Calcium Imaging Results Correlate with Peripheral Input Signals and Behavioral Observations

The relative firing frequencies of OSNs accurately transmit the complete blend information to the AL [31]. Glomeruli are structural and functional units of AL, and their number and spatial arrangement is reproducible in congeneric species [50]. The OSNs expressing the same odor receptor converge onto one glomerulus, and thus the across-glomerular ratios of activity to different odorant blends in the AL could reflect the peripheral input signals.
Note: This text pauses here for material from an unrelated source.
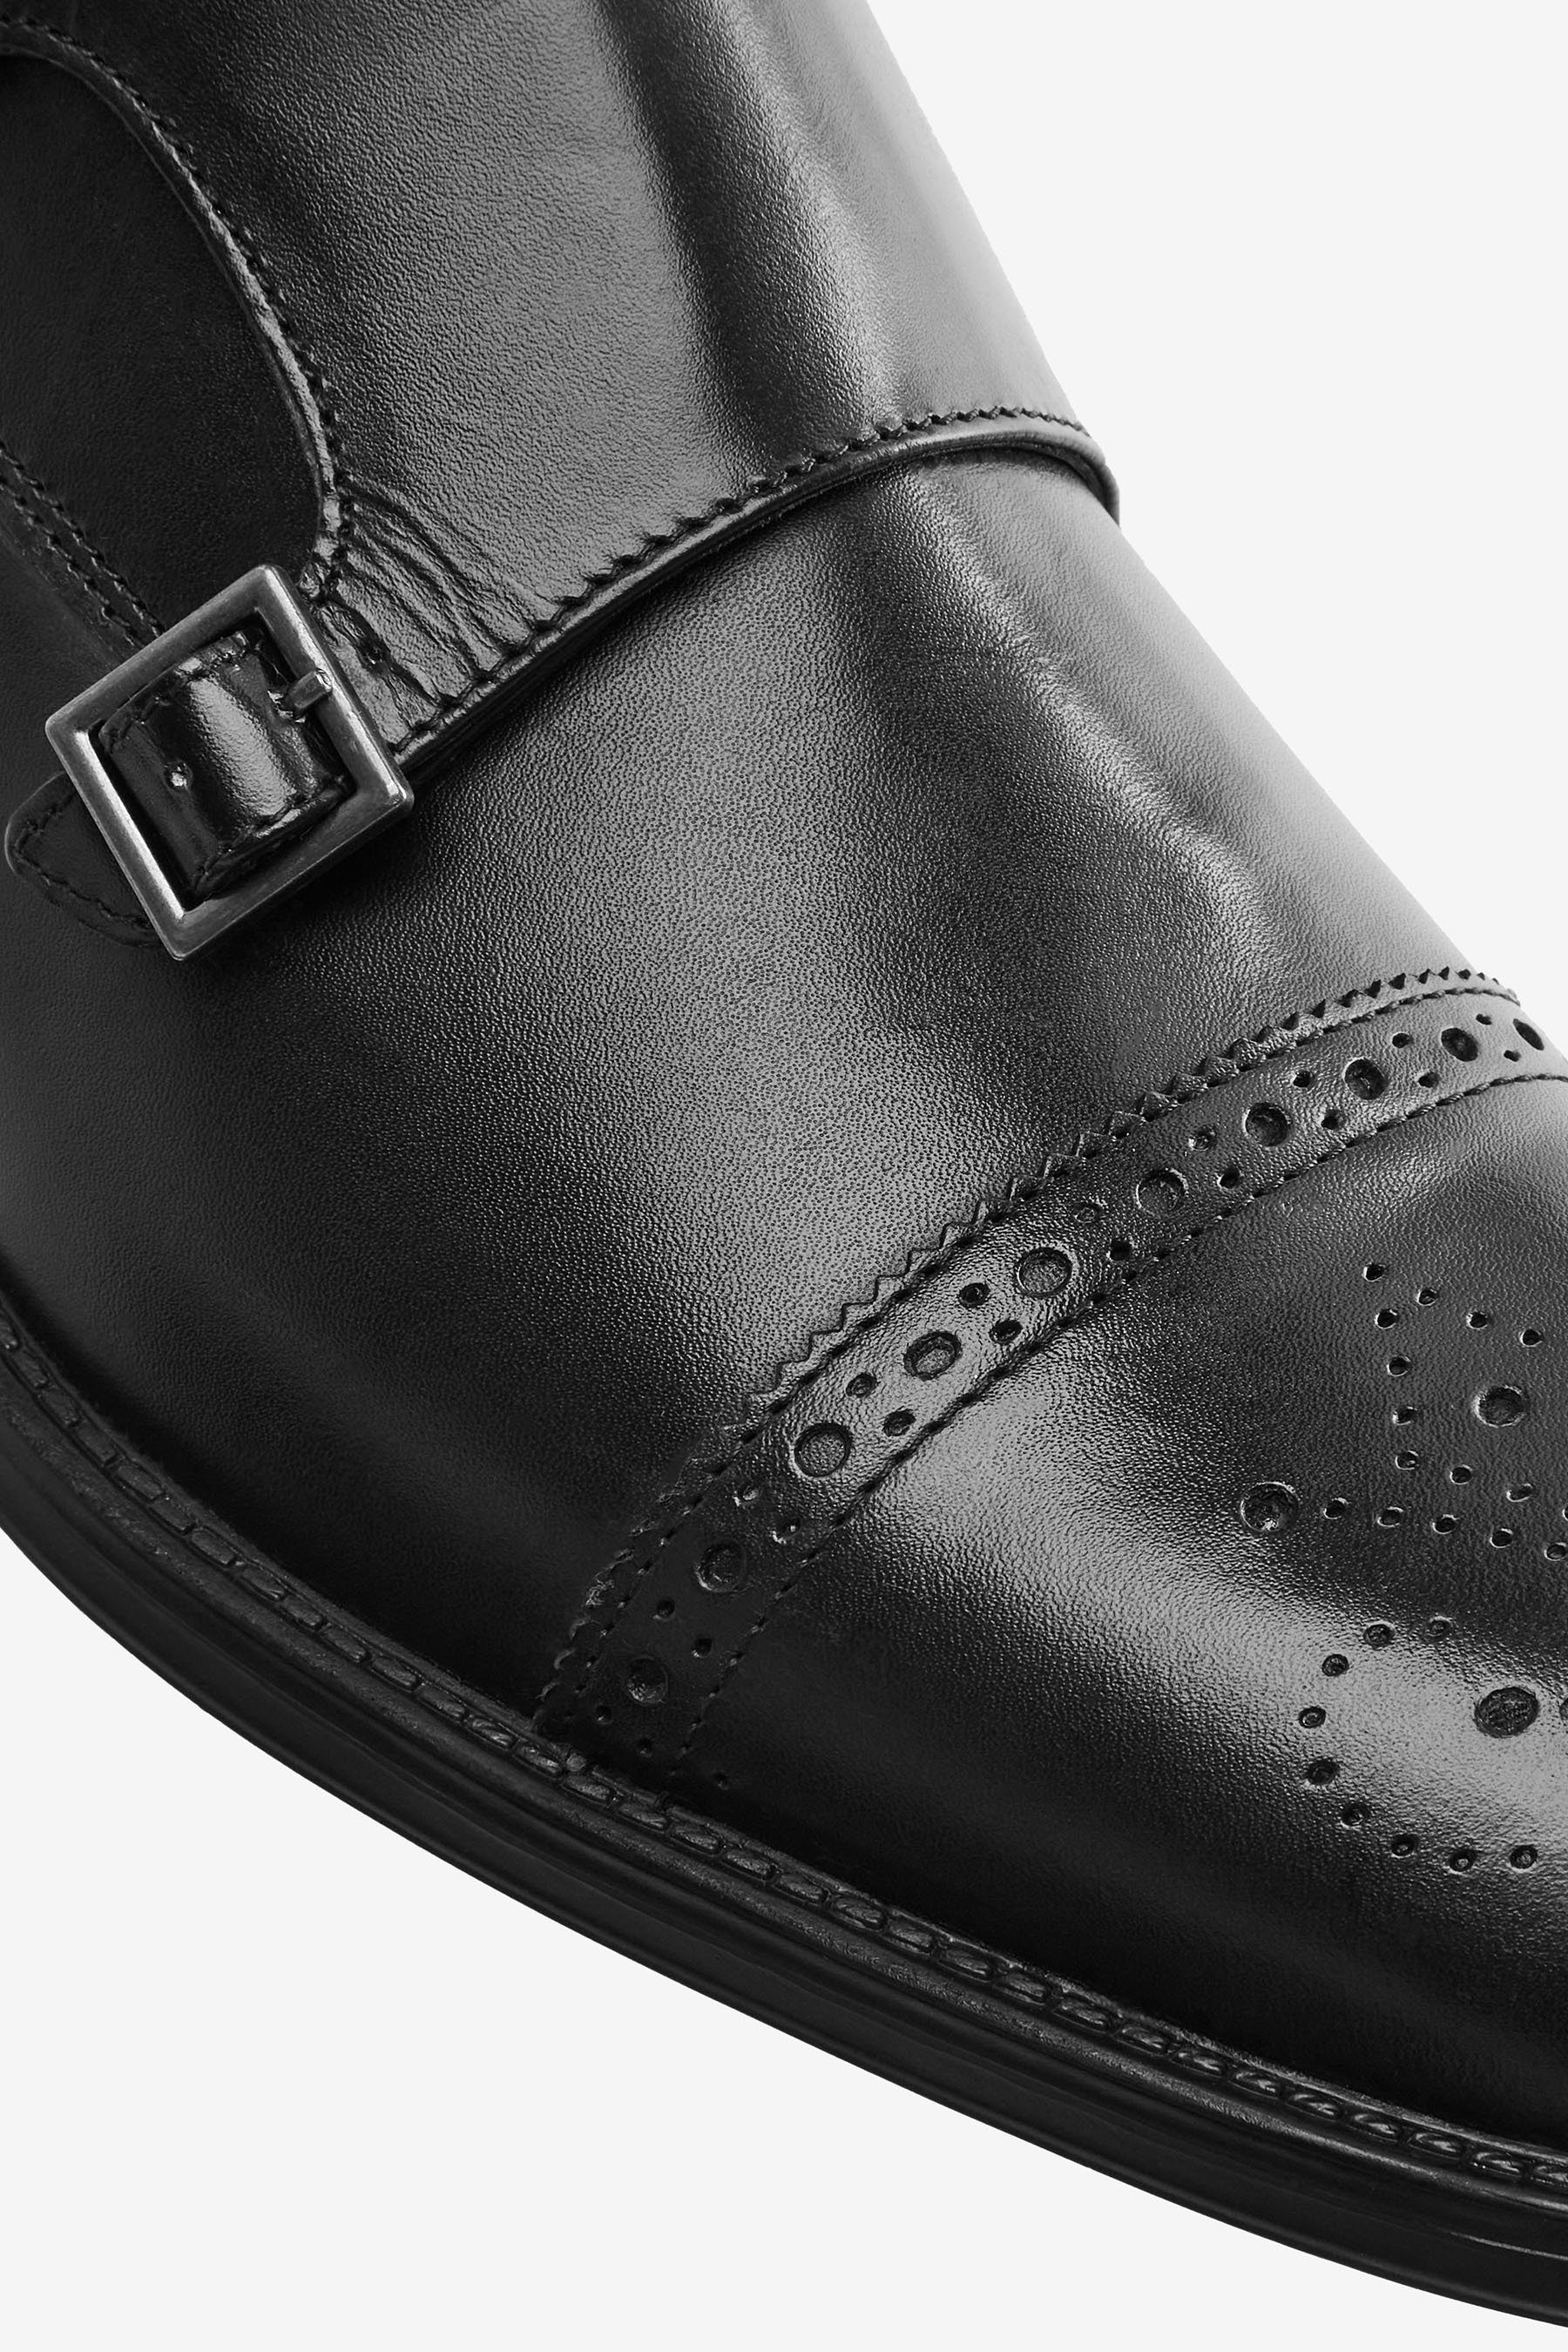 Schuhe Halbschuhe Next Monkstrap-Schuhe aus Leder mit Zehenkappe Slipper

In this study, calcium green 2-AM was used in optical recording because its signal mainly presents the input information from OSNs [51][53]. Based on morphological atlases of AL in H. armigera and H. assulta [39], [40], calcium imaging results reveal that the OSNs tuned to Z9–16: Ald innervate the cumulus of MGC in H. assulta (Figure 4 A5), and OSNs responding to Z11–16: Ald arborize in a ventral unit (Figure 4 A4). This finding is in agreement with the former electrophysiological work combined with neuronal staining [12], [54]. On the contrary, in H. armigera, Z11–16: Ald activates the cumulus of the MGC whereas Z9–16: Ald activates only a smaller subunit, the Dm-p (Figure 4 A1, A2).
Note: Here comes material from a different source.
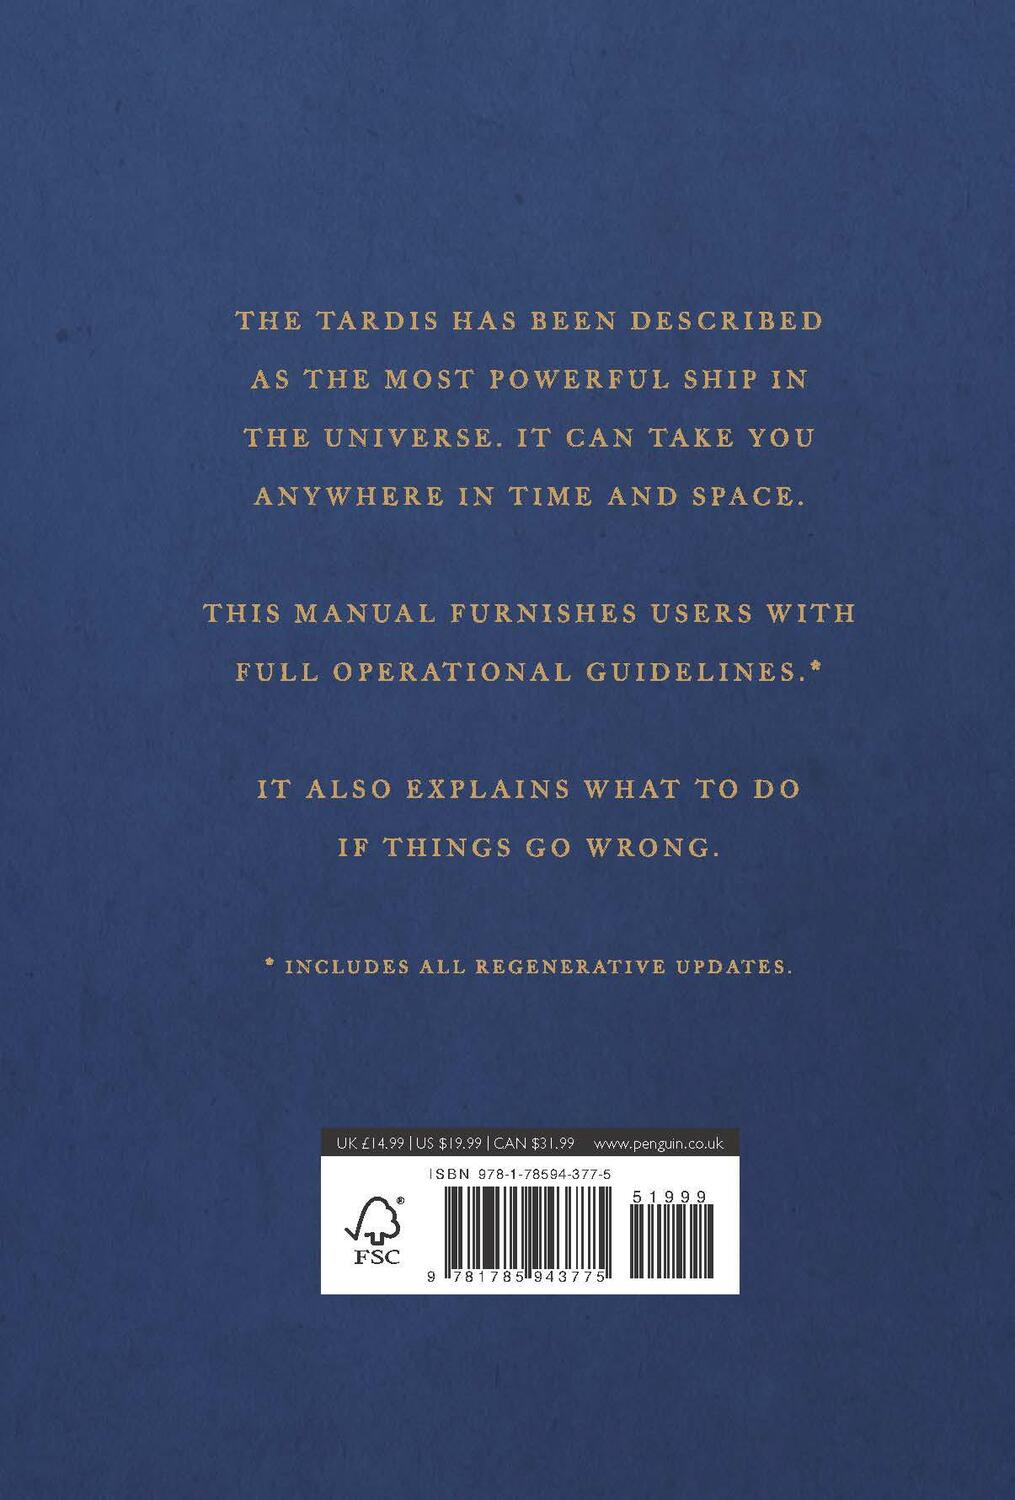 Rückseite: 9781785943775 | Doctor Who: TARDIS Type 40 Instruction Manual | Atkinson (u. a.)

In these two species, the major pheromone-component-activated cumulus was characterized by a larger area. The glomerular zones activated by the major component were 2.81 and 1.58 times the size of those activated by the minor component in H. armigera and H. assulta, respectively. Dose-response curves of Z11–16: Ald and Z9–16: Ald in optical recordings show that the major component induces a stronger response in each of the two species at the same dosage (Figure 5). These findings prove the convergence of the same type OSNs in specified glomeruli. In other Lepidopteran species such as H. virescens and H. zea, as well as the Z and E strains of O. nubilalis, MGCs present similar structures, with the larger cumulus also dedicated to processing the major sex pheromone component [29], [30], [55], [56]. In Drosophila a strong correlation was found between the abundance of different types of OSNs and the volumes of corresponding glomeruli [57]. These results suggest that the relatively higher abundance of OSNs results in a large volume of its target glomerulus [58].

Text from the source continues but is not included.